Stable Economy and Bubble Burst

1971~1980
 Takeo Miki
 Takeo Fukuda
 Masayoshi Ohira
 Zenko Suzuki

1981~1989
 Yasuhiro Nakasone
 Noboru Takeshita


1989~1991
 Sosuke Uno
 Toshiki Kaifu

Takeo Miki (Dec 9, 1974-Dec 24, 1976, 747 days, Liberal Democratic Party)

Chosen as a “pure” politicians to wipe away the image of LDP having a power of money.

Takeo Fukuda (Dec 24, 1976-Dec 7, 1978, 714 days, Liberal Democratic Party)

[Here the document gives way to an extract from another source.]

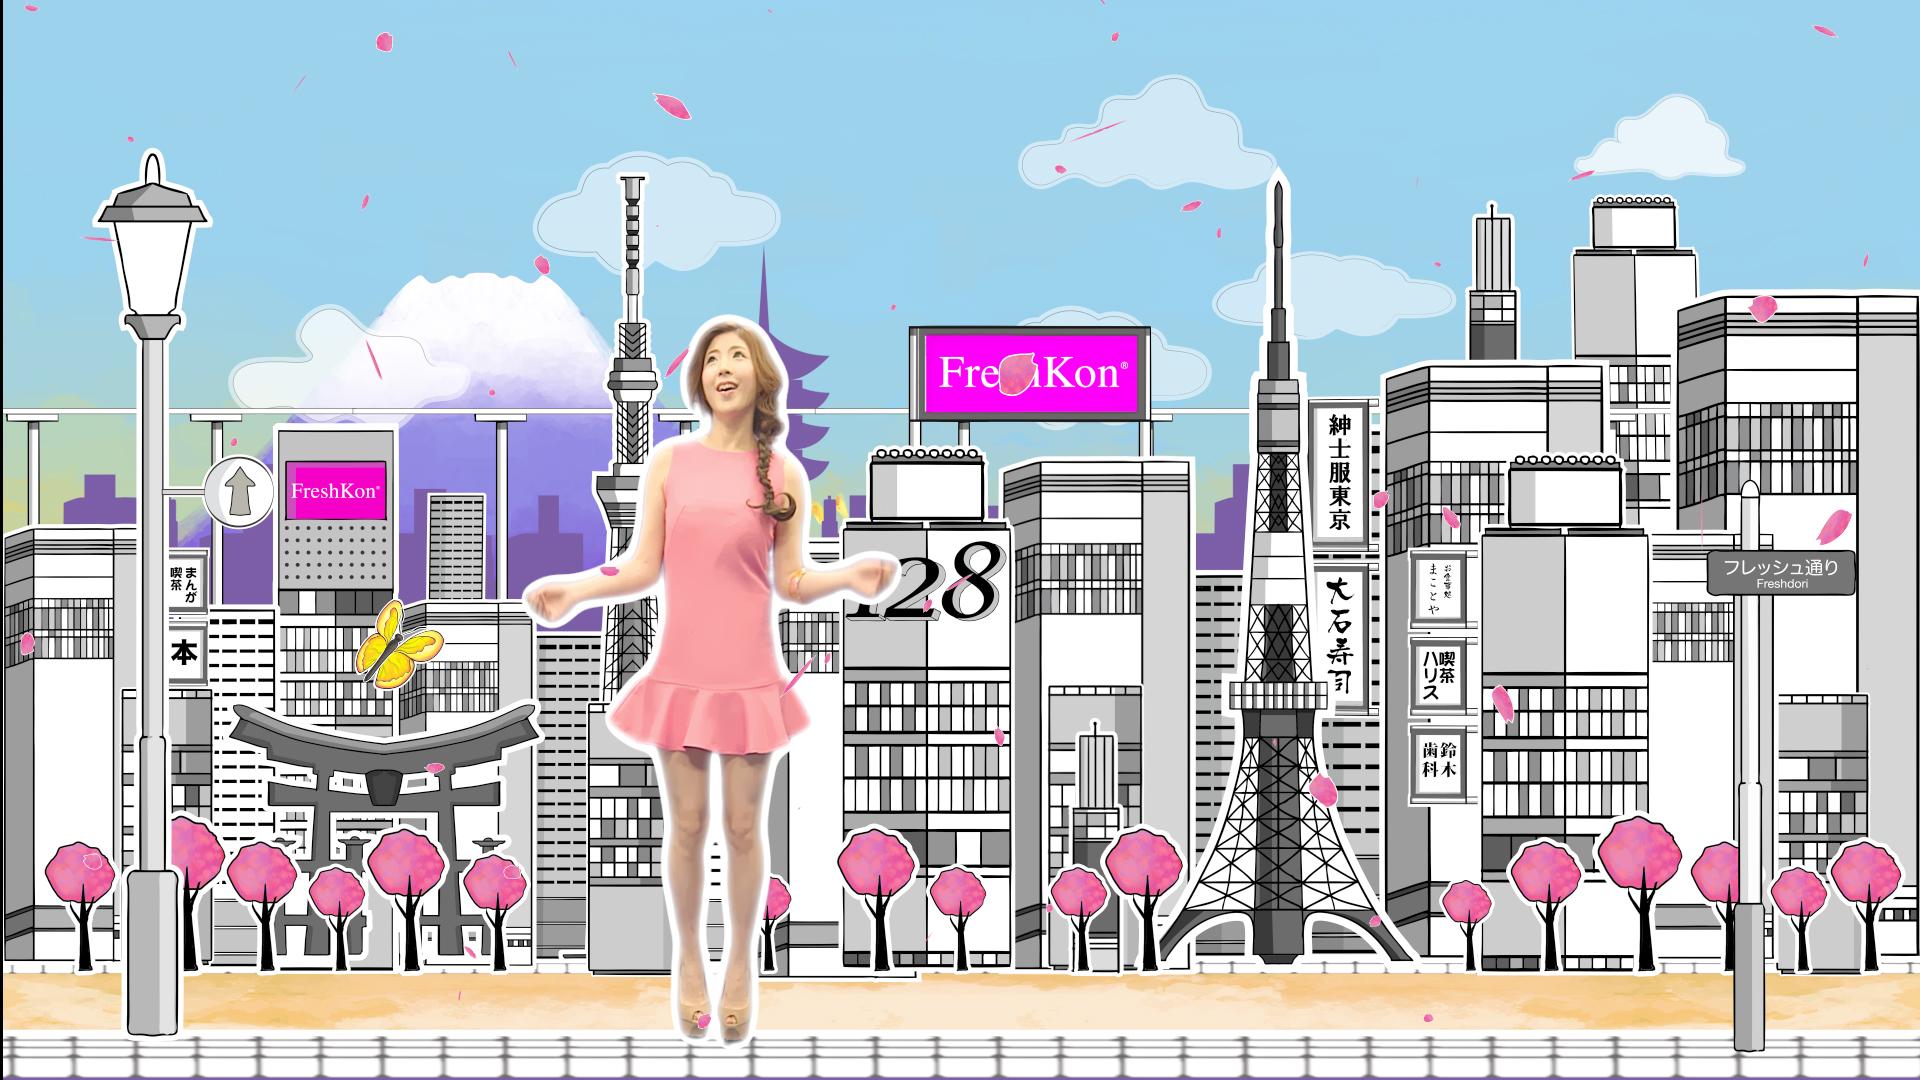 Freshkon_2015_30sec_edited_220116 (0-00-13-17)

He criticized inflation and successfully revived the economy hurt from the inflation caused by Tanaka’s cabinet.
He was appraised with “Fukuda Doctrine,” the policy of diplomacy with Southeast Asia. The cabinet officially signed Treaty of Peace and Friendship between Japan and the People's Republic of China which was officially ratified on October 23, 1978.

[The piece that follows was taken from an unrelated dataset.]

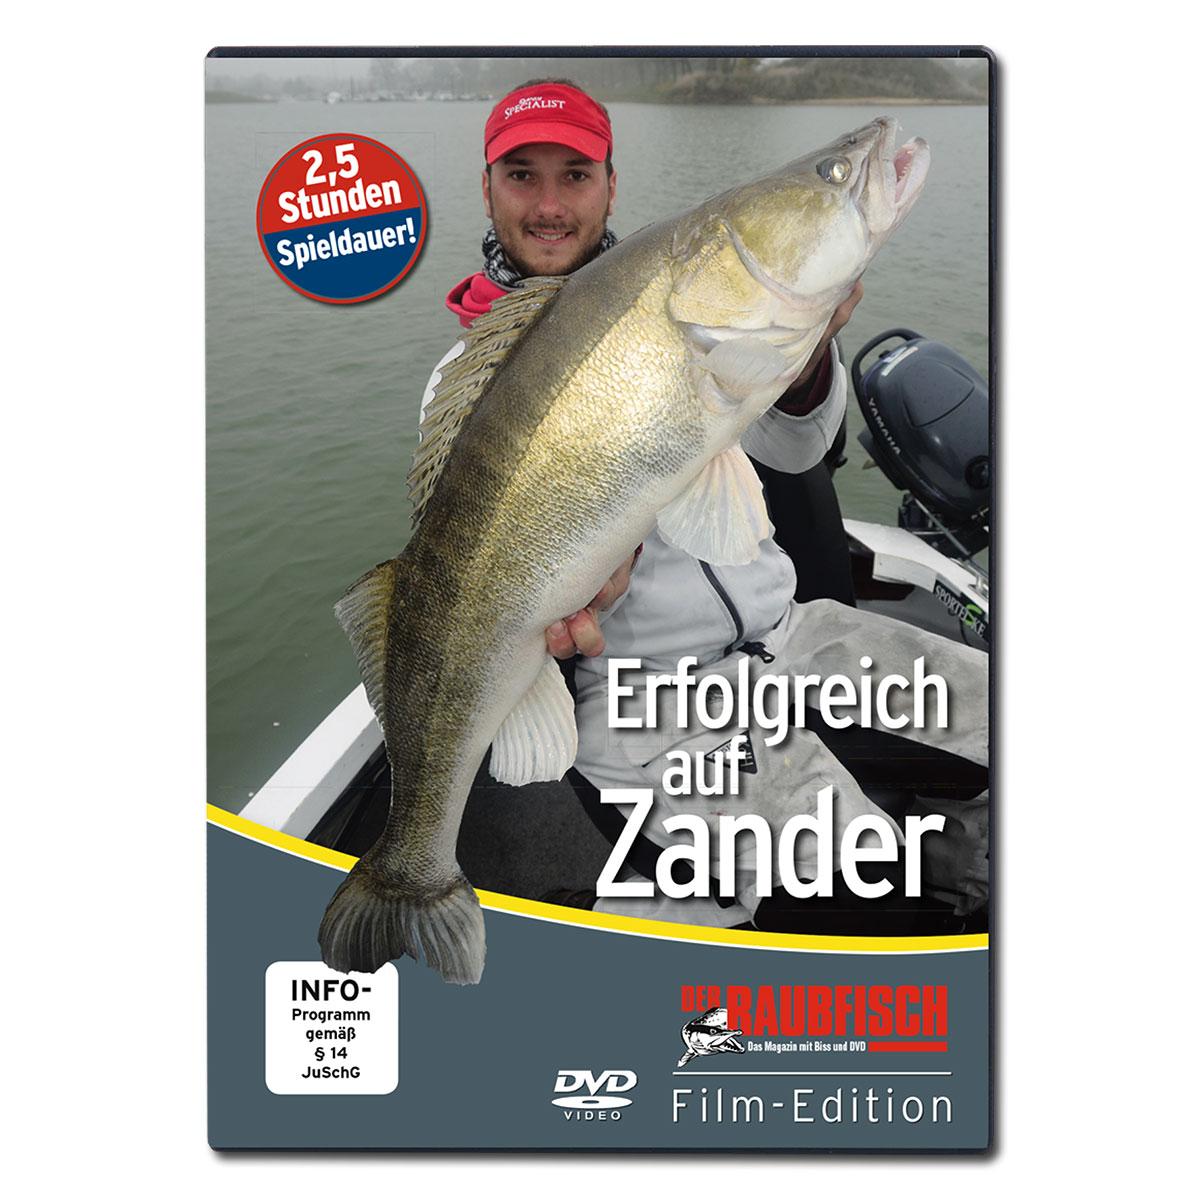 Erfolgreich auf Zander - Der Raubfisch Film-Edition (DVD) im Pareyshop

Masayoshi Ohira (Dec 7, 1978-Nov 9, 1979 Nov 9, 1979-Jun 12, 1980, 554 days, Liberal Democratic Party)

He was high in political ability, but the opposition parties criticized the LDP by its money politics. The parliamentary motion of non-confidence against the cabinet was passed because of the intention of the cabinet to set up a consumption tax.
He died of heart failure during the election campaign.

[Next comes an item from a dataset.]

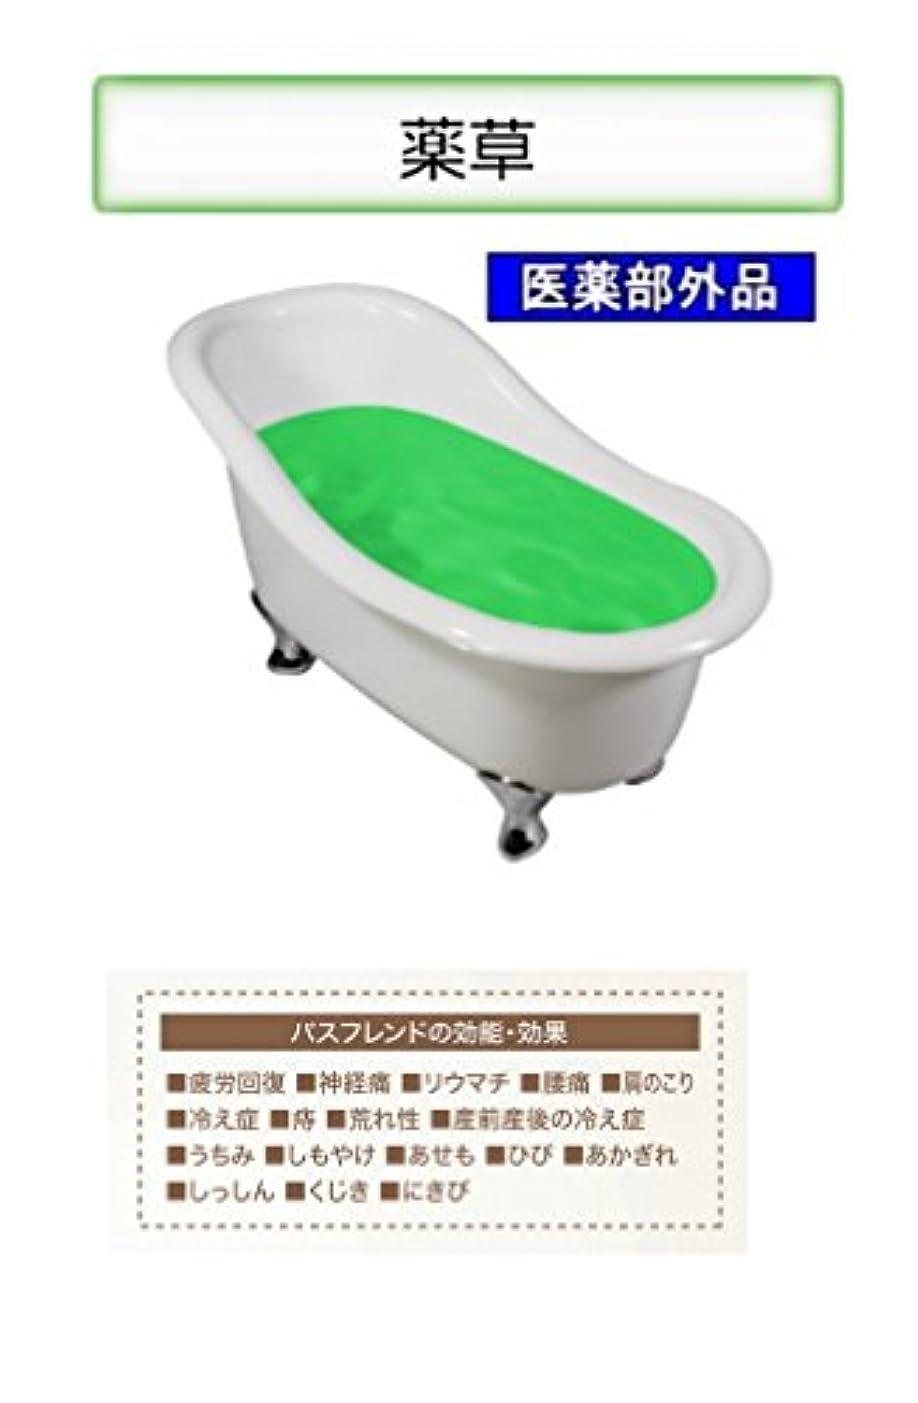 ぎこちないブッシュレビュアー薬用入浴剤 バスフレンド/伊吹正 (薬草, 17kg)

Zenko Suzuki (Jul 17, 1980-Nov 27, 1982, 864 days, Liberal Democratic Party)

Suzuki gathered Second Special Meeting of the Administrative Investigation to abolish free medication for elderly, reconsider the textbook-free system, abolishing the class of 40 in elementary and middle school. This movement has created new trend in the politics.

Yasuhiro Nakasone (1st: Nov 27, 1982-Dec 27, 1983 2nd: Dec 27, 1983-Jul 22, 1986 3rd: Jul 22, 1986-Nov 6, 1987, 1806 days, Liberal Democratic Party)

His cabinet mainly tried grapple with the problems of administrative reform. The cabinet privatized Japanese National Railways (now JR) which marked huge deficits every year, Japan Tobacco and Salt Public Corporation (now JT), and Nippon Telegraph and Telephone Public Corporation (now NTT).

Nakasone also played a huge role in diplomacy.
He announced Japan-Korea Joint Declaration of 1984, and discussed the nuclear weapon in Okinawa with President Reagan. His effort made it successful for the nations worldwide to admit Japan’s power.

Noboru Takeshita (Nov 6, 1987-Jun 3, 1989, 576 days, Liberal Democratic Party)

Takeshita set forth a “Furusato-Sosei Project,” which subsidized 100 million yen to each local government to activate its economy.
The cabinet also set the consumption tax of 3% from April 1, 1989 which is known as the first tax reform in 39 years.

Sousuke Uno (Jun 3, 1989-Aug 10, 1989, 69 days, Liberal Democratic Party)

He was expected much as the “clean and pure” politicians but resigned in 69 days from the criticism of Recruit Scandal, immorality, the problems from the consumption tax.

Toshiki Kaifu (1st: Aug 10, 1989-Feb 28, 1990 2nd: Feb 28, 1990-Nov 15, 1991, 818 days, Liberal Democratic Party)

He tried to get rid of the distrust to the government from scandals, but failed to pass “PKO bill” for Gulf War (A war between Iraq which invaded Kuwait and multinational force lead by America) and take steps to prevent the burst of the bubble. This made the collapse of markets even worse over years.